Latince: cancer pulmonis.
“Kanser” teriminin kökeni Latince “kanser” ve Yunanca “karkinos” kelimelerinden gelir; her ikisi de muhtemelen kanserli hücrelerin yengeç benzeri yayılmasından dolayı “yengeç” anlamına gelir. Akciğer kanseri, akciğer dokularında kontrolsüz hücre büyümesi ile karakterize edilen kötü huylu bir durumdur. Dünya çapında kansere bağlı ölümlerin önde gelen nedenlerinden biridir.
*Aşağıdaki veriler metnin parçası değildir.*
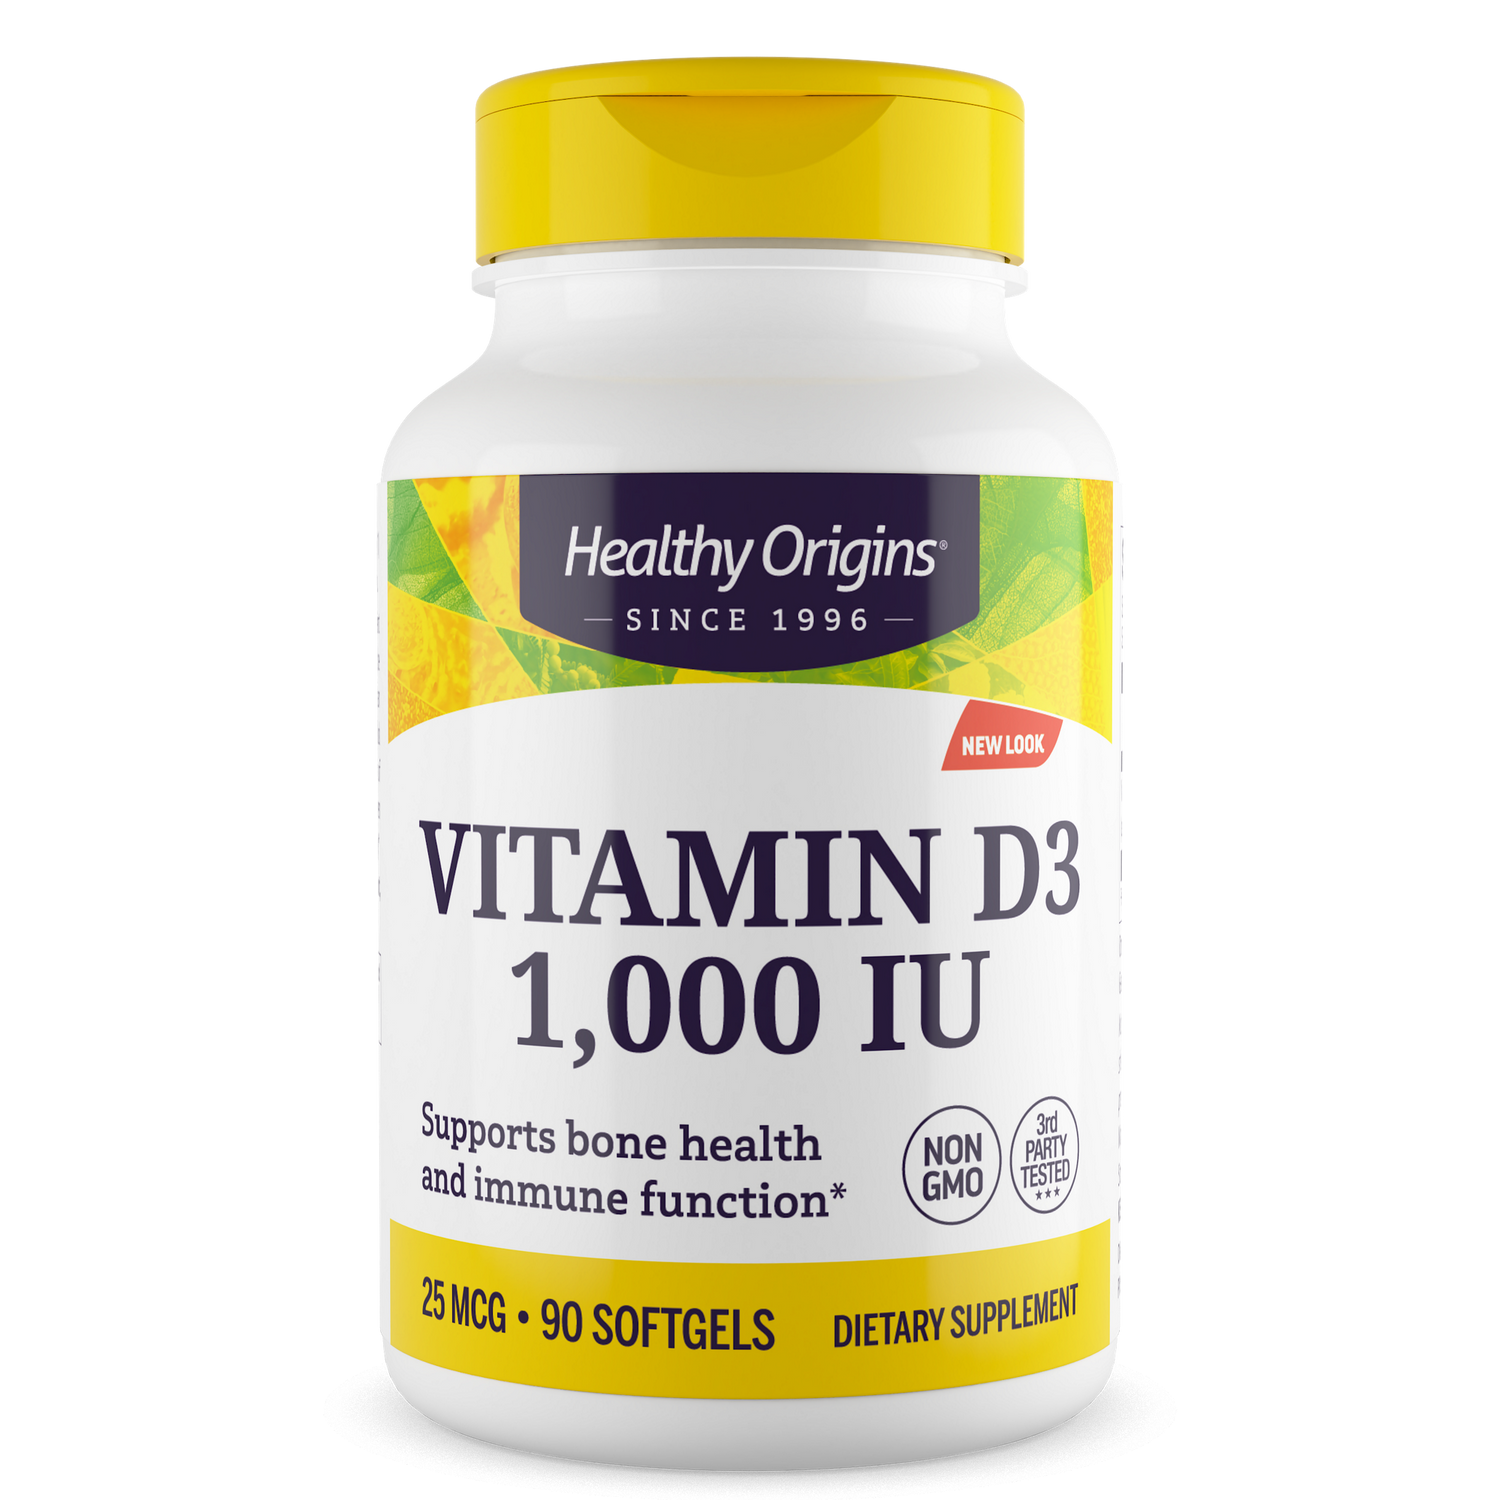 Vitamin Dз 1,000 IU

Belgelenen ilk akciğer kanseri vakası, İngiliz cerrah Percivall Pott tarafından tanımlandığı 1761 yılına kadar uzanıyor. Bununla birlikte, büyük ölçüde tütün tüketiminin yaygınlaşması nedeniyle hastalık 20. yüzyıla kadar geniş çapta ilgi görmedi.
Akciğer Kanseri Türleri
- Küçük Hücreli Dışı Akciğer Kanseri (KHDAK)
- Adenokarsinom: Glandüler hücrelerden kaynaklanır ve sigara içmeyenler arasında en sık görülen tiptir.
- Skuamöz Hücreli Karsinom: Solunum yollarını kaplayan düz hücrelerde başlar.
- Büyük Hücreli Karsinom: Büyük, yuvarlak hücrelerle karakterize edilir.
- Küçük Hücreli Akciğer Kanseri (SCLC): Oldukça agresiftir ve genellikle tanı anında ilerlemiştir.
Risk faktörleri
- Tütün Sigara: En önemli risk faktörü.
- Çevresel Faktörler: Radon gazı, asbest maruziyeti.
- Genetik Faktörler: Bazı mutasyonlar bireyleri daha duyarlı hale getirir.
Teşhis
- Görüntüleme: Göğüs röntgeni, CT taramaları, MRI.
- Biyopsi: Kesin tanı için histolojik inceleme.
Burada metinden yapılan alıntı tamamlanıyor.